Lesley Downer is an author, journalist and historian whose passion is Japan. She lived there for more than 15 years, speaks Japanese, and has written some 14 books on the country.
She is also a Geisha expert. Her non-fiction work, Geisha: The Secret History of a Vanishing World, is the definitive work on geisha past and present. To research it she spent six months living among Geisha and found herself little by little, being transformed into one of them. She recorded their memories and studied their history and thus learnt about Townsend Harris, the first American Consul General to Japan, and Okichi, his geisha companion. Their poignant tale, which she tells in her short story, A Geisha for the American Consul, is the inspiration for Northern Ballet’s Geisha.
Townsend Harris also features in her novel, The Shogun’s Queen, the first of The Shogun Quartet, set in the most dramatic period in Japanese history, the mid-nineteenth century. Another novel of the quartet, The Last Concubine, was shortlisted for Romantic Novel of the Year 2009.
Lesley’s non-fiction works include Madame Sadayakko: The Geisha who Seduced the West, the biography of Puccini’s model for Madama Butterfly.
Lesley gives frequent lectures plus TV and radio appearances and is consulted on all matters to do with Japan and geisha.
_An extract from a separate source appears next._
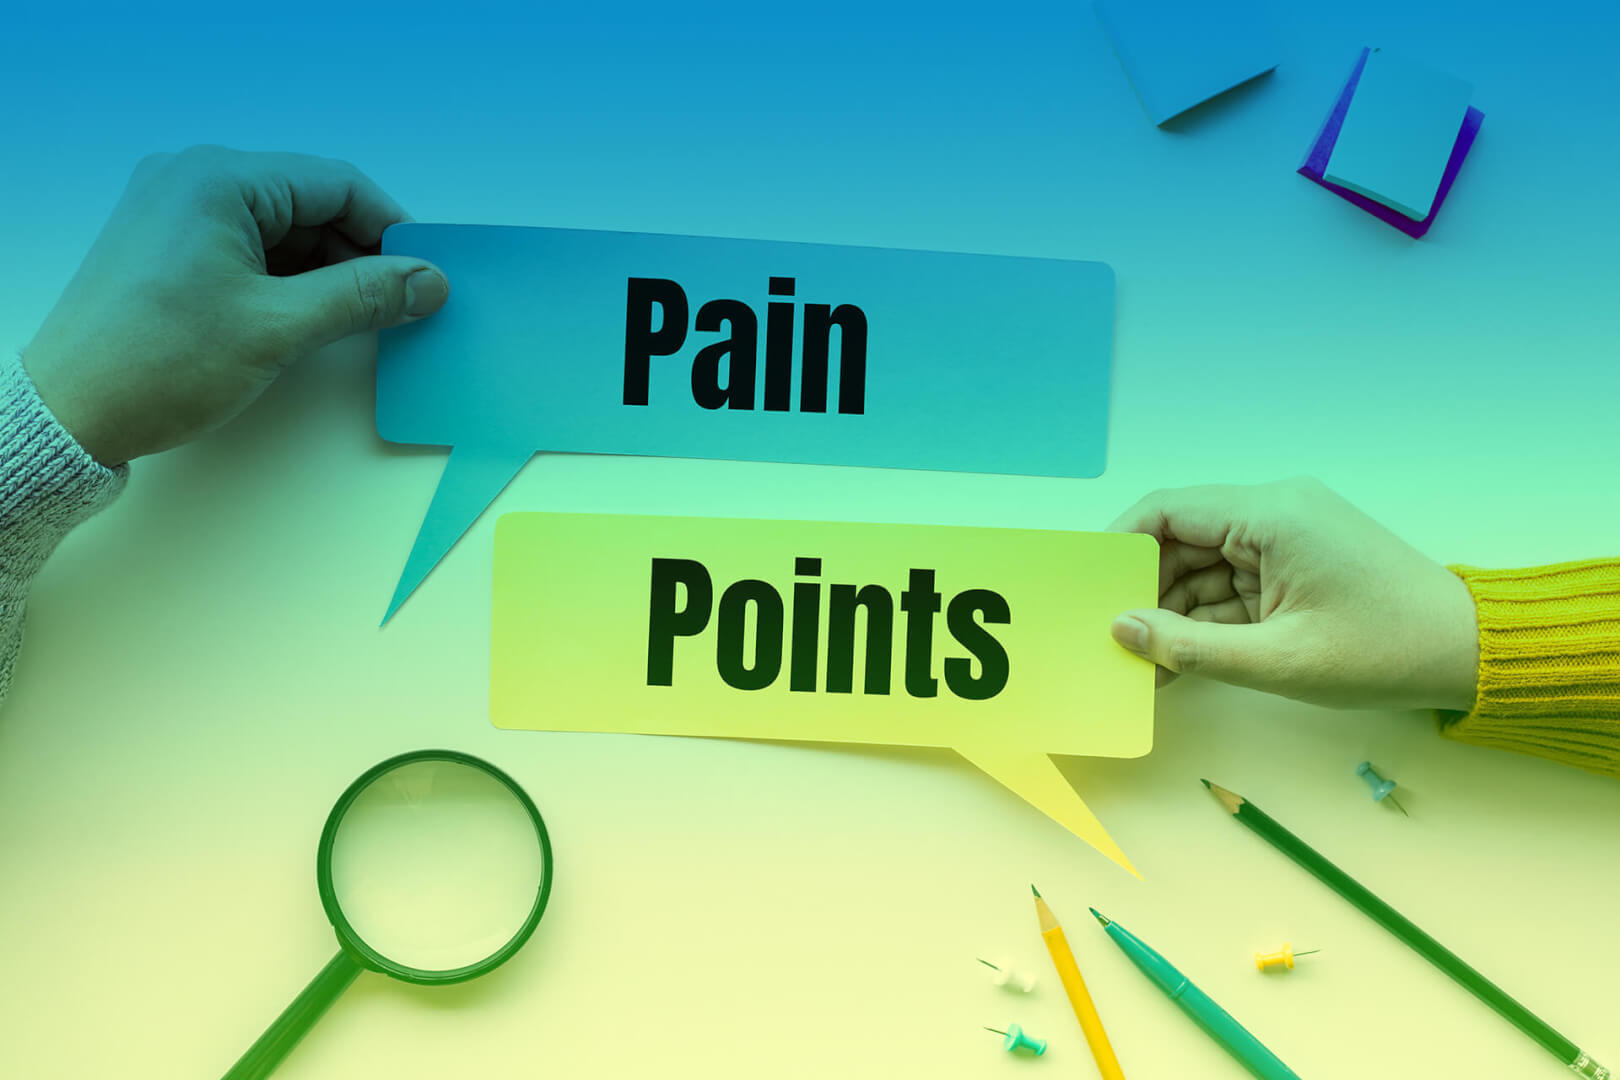 Pain-Points und Gain-Points im digitalen Zeitalter

She presented the BBC Two cooking series, A Taste of Japan, lectured on The World, a vast residential ship that circles the globe forever like a modern-day Flying Dutchman, and has lectured in Japan in Japanese. In 2020 she will be appearing on Netflix in Age of the Samurai: Battle for Japan.
She lives in London with her husband, physicist and author Arthur I. Miller, and makes frequent trips to Tokyo and New York.